Art. 5º São espaços escolares necessários, além dos convencionais, considerando a etapa da educação básica a que se destinam, os itens relacionados abaixo:
I - Espaços para esporte e recreação adequados para cada tipologia de escola;
II – Ginásio e/ou quadra poliesportiva coberta para prática de esportes, com vestiários e sala multiuso, adequados para cada tipologia de escola;
III - Instalação para laboratórios, de Ciências, Artes, e sala de multimeios;
IV – Biblioteca com espaço adequado para contação de histórias e trabalho individual e com acervo atualizado;
V - Cozinha e refeitório dimensionados para o padrão de funcionamento da escola;
VI- Sala de estudos para docentes – construção nova ou adaptação -, uma sala para os professores e professoras, como espaço para elaborar estudos e planejamentos das atividades docentes na escola;
VII - Auditório, com recursos multimeios e espaço de guarda de equipamentos;

Art. 6º As escolas de tempo integral devem contar com espaços de convivência.

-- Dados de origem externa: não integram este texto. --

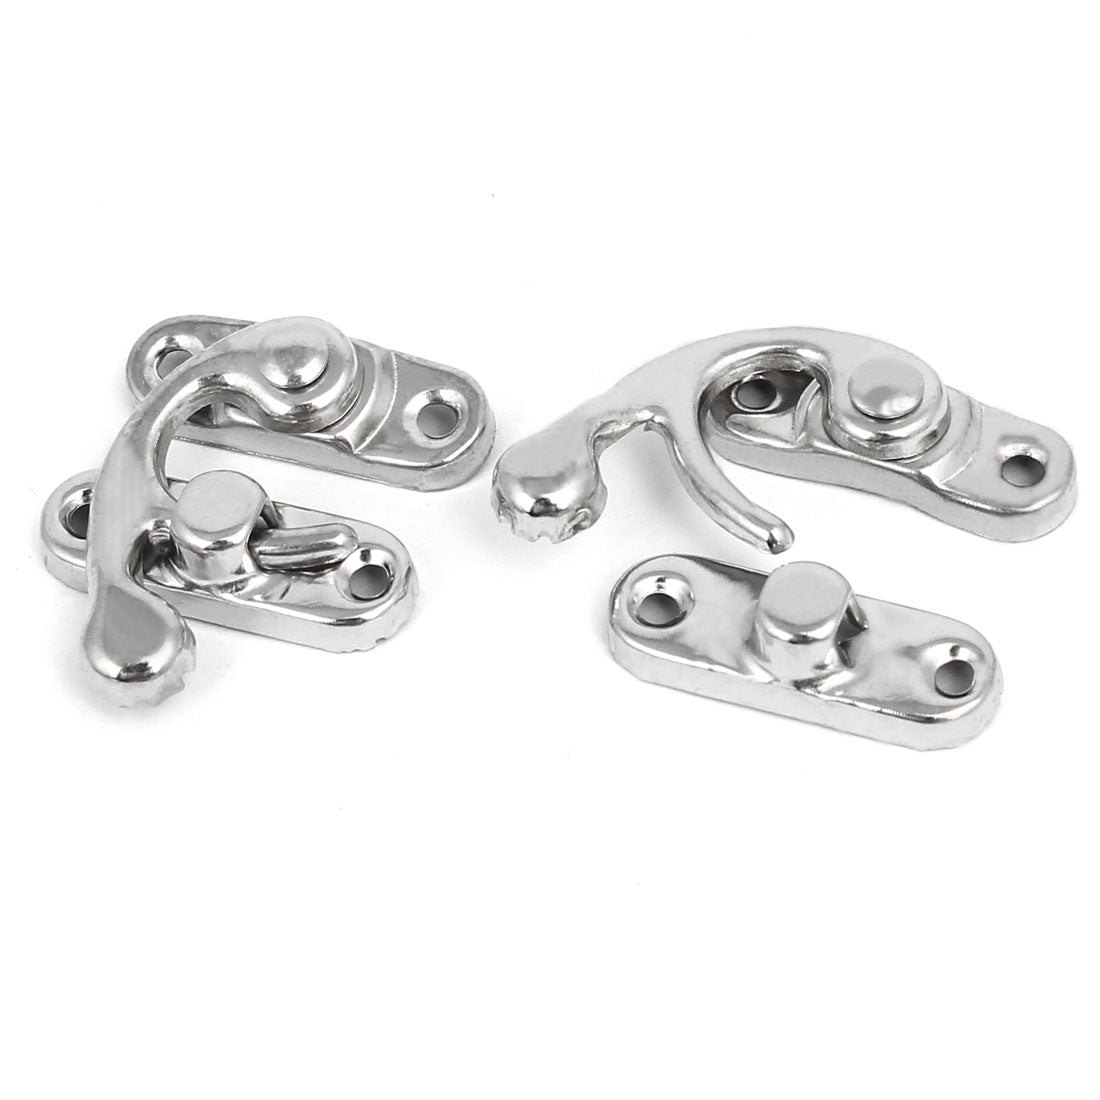 uxcell Uxcell Jewelry Gift Box Left Swing Arm Clasp Latches Toggle Hasp Silver Tone 10PCS

Art. 7º Na construção de novas escolas, readequação e/ou reforma das escolas existentes não deverão ser usados materiais com efeito carcinogênico, mutagênico ou com atuação como disruptores endócrinos.

Art. 8º As escolas existentes devem progressivamente adequar-se às condições de infraestrutura e de conforto ambiental definidas nesta lei.

Parágrafo Único Toda e qualquer reforma de escola deve buscar atender os requisitos estabelecidos nesta lei.

Art. 9º Para a adequação e/ou reforma das escolas existentes,bem como a construção de escolas novas,são necessários o projeto arquitetônico e parecer técnico que devem ser precedidos de discussão com a comunidade escolar.

Parágrafo Único Após a elaboração do projeto arquitetônico, uma cópia deverá ser entregue à direção e ao Conselho Escolar para o monitoramento da execução da obra.
Art. 10 A construção de escolas, readequação e/ou reforma das escolas existentes deve contemplar os princípios da flexibilidade, para acolher novas tipologias de espaço educativo de acordo com o Projeto Político Pedagógico de cada escola.

Art. 11 A observância das condições definidas nesta lei levará em conta a etapa da educação básica a que se destina o espaço escolar.


Art. 12 Esta Lei entra em vigor na data de sua publicação.